BoundRL: Efficient Structured Text Segmentation through Reinforced Boundary Generation¶

Conference: ACL 2026
arXiv: 2510.20151
Code: N/A
Area: Text Segmentation / Reinforcement Learning
Keywords: Structured Text Segmentation, Boundary Generation, RLVR, Entropy Collapse, Intermediate Candidates

TL;DR¶

BoundRL redefines structured text segmentation as a boundary generation task — generating only each segment's start tokens rather than the complete text, reducing output tokens by 90% and eliminating hallucination risk. Combined with a dual-objective reward function and selective perturbation strategy for RLVR training, a 1.7B model surpasses Claude-4 Sonnet's few-shot performance.

Background & Motivation¶

Background: Text segmentation divides text into semantically coherent segments, widely used in document understanding, QA retrieval, and prompt optimization. Traditional methods segment at sentence or paragraph levels, but structured text (e.g., LLM prompts) contains code snippets, JSON formats, and placeholders that do not conform to traditional sentence/paragraph structures.
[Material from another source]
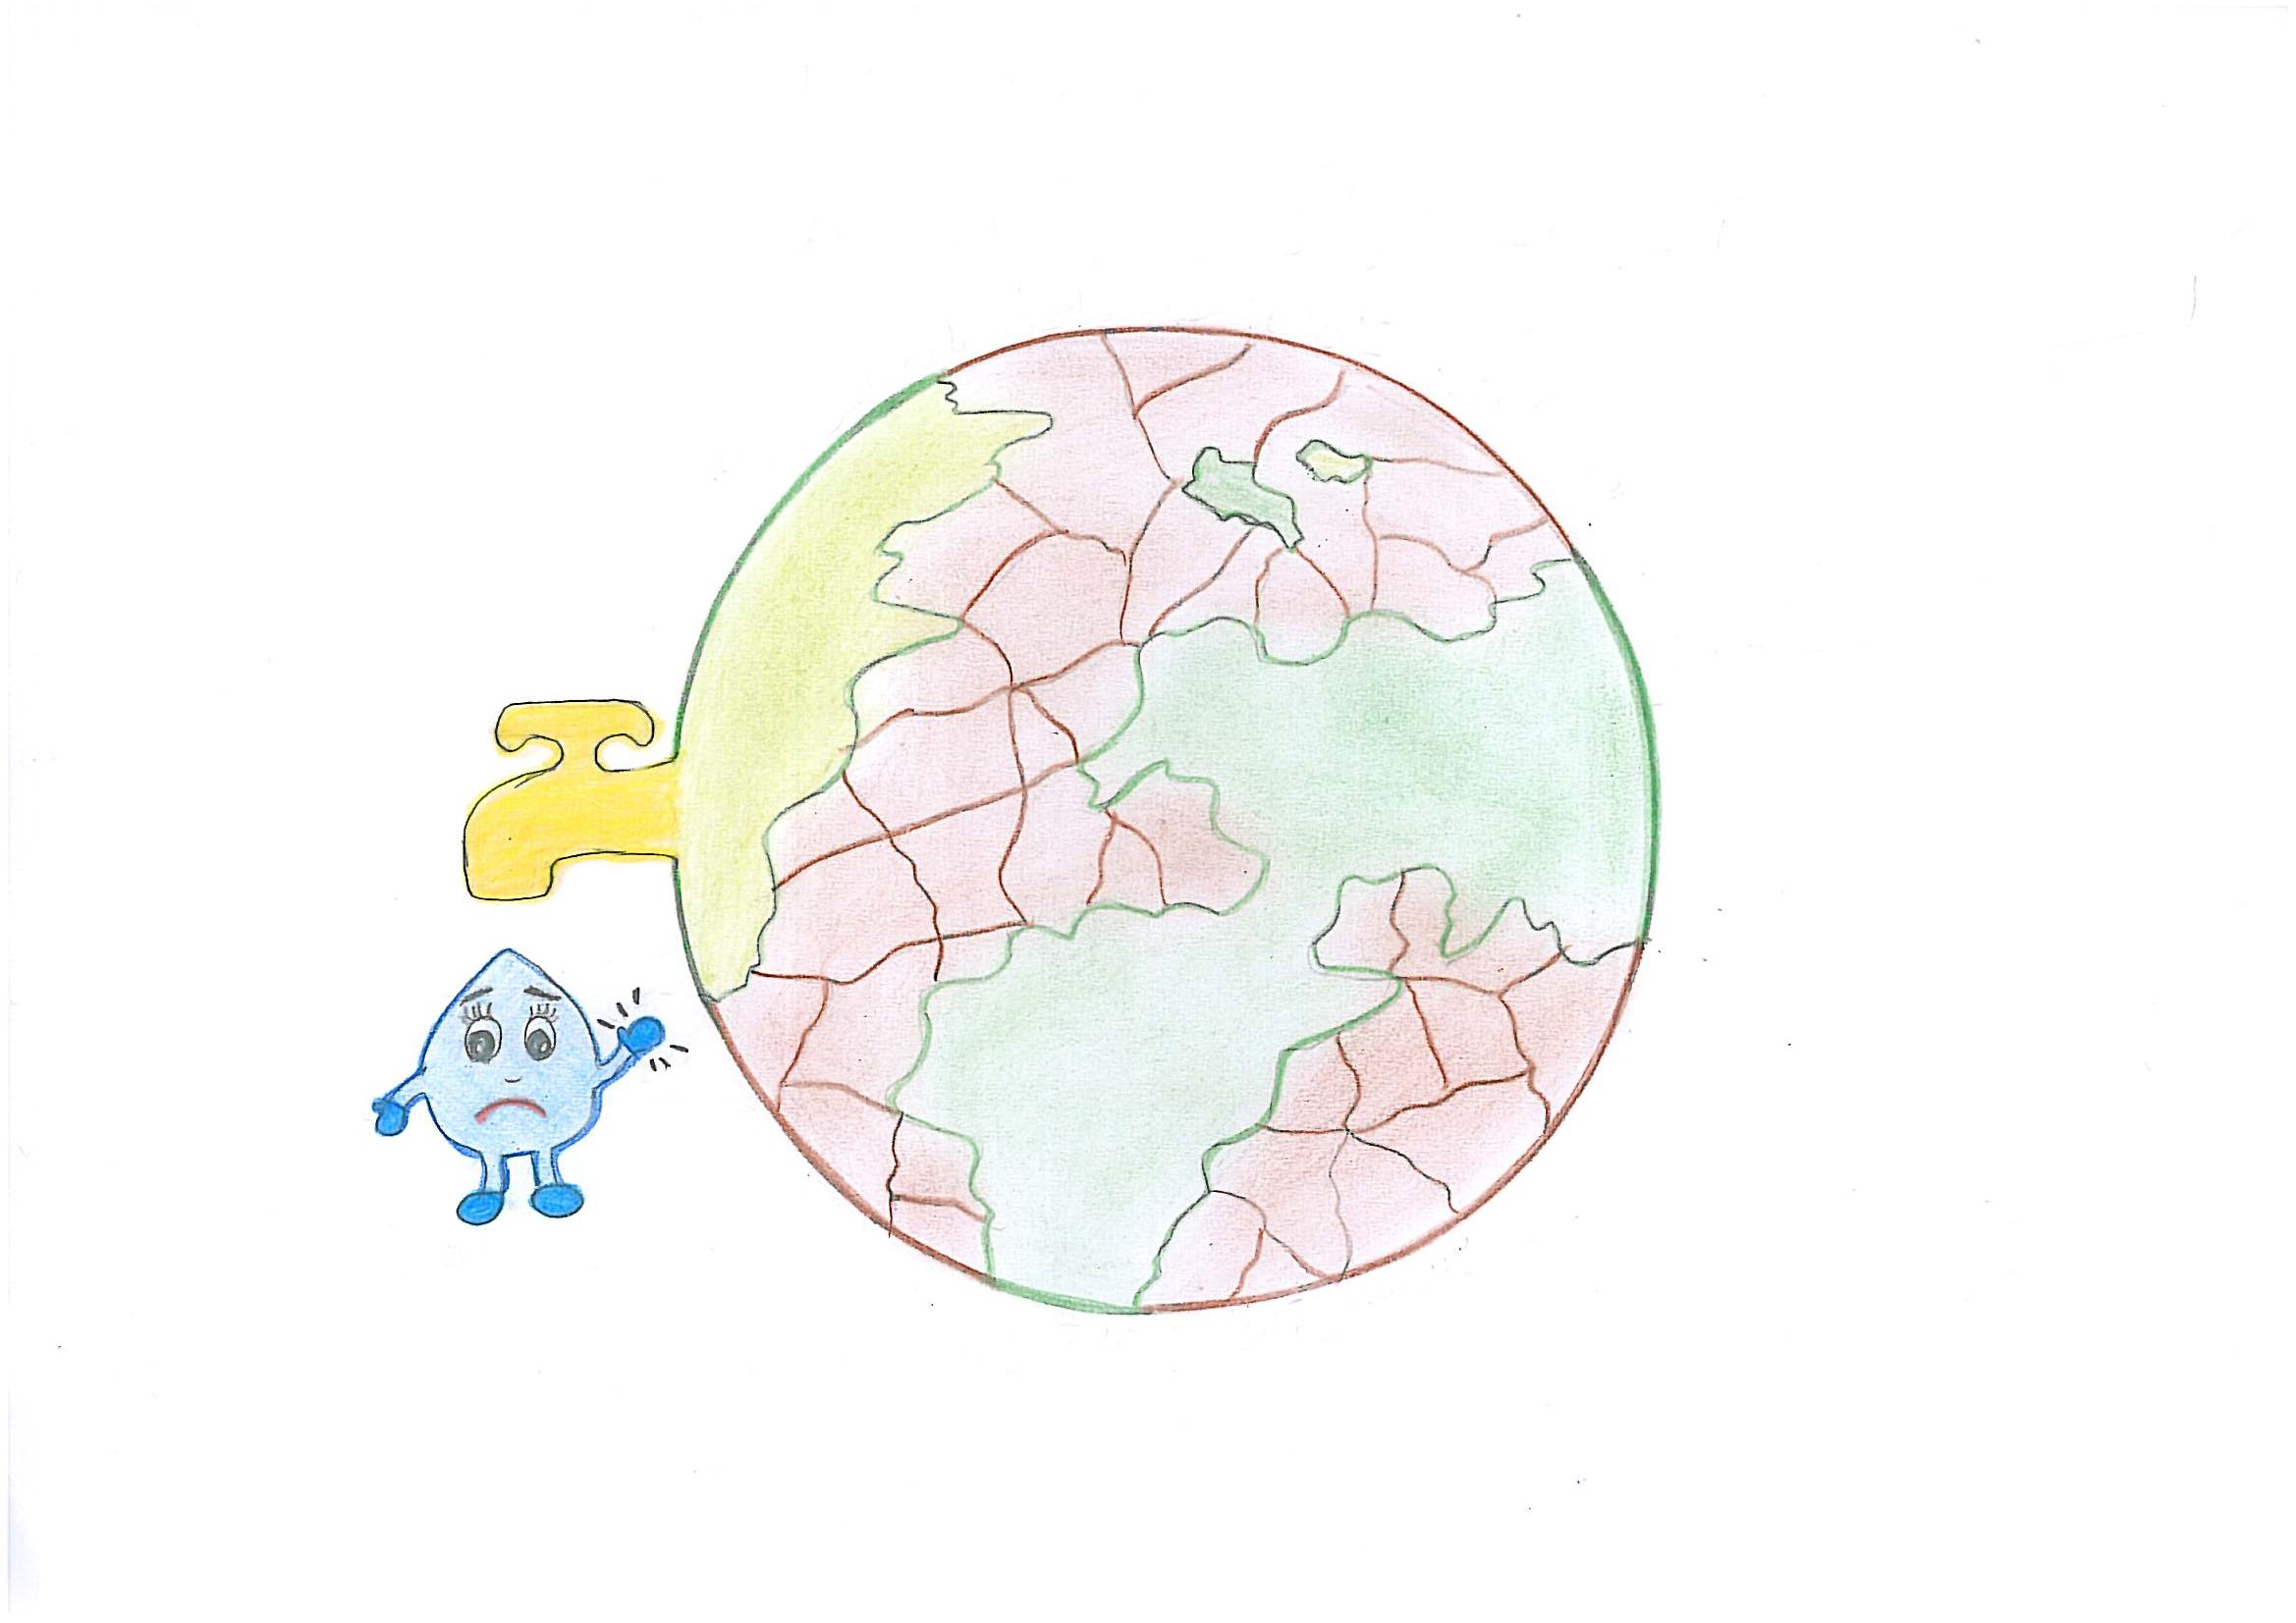 اسم واقعی چکوری بهترین-نقاشی-درمورد-پرسش-مهر

Limitations of Prior Work: (1) Traditional sentence/paragraph-level segmentation methods are inapplicable to structured text; (2) Token-level sequence labeling produces overly fragmented results; (3) Boundary classification requires classifying every token, with excessive computation; (4) Existing LLM methods (e.g., generating each segment's complete text) face high inference cost and hallucination risk.

Key Challenge: Structured text requires token-level fine-grained segmentation, but methods generating complete segment text have inference costs that scale linearly with input length and inevitably introduce hallucination.

Goal: Design an efficient token-level structured text segmentation method that achieves both low inference cost and high segmentation quality.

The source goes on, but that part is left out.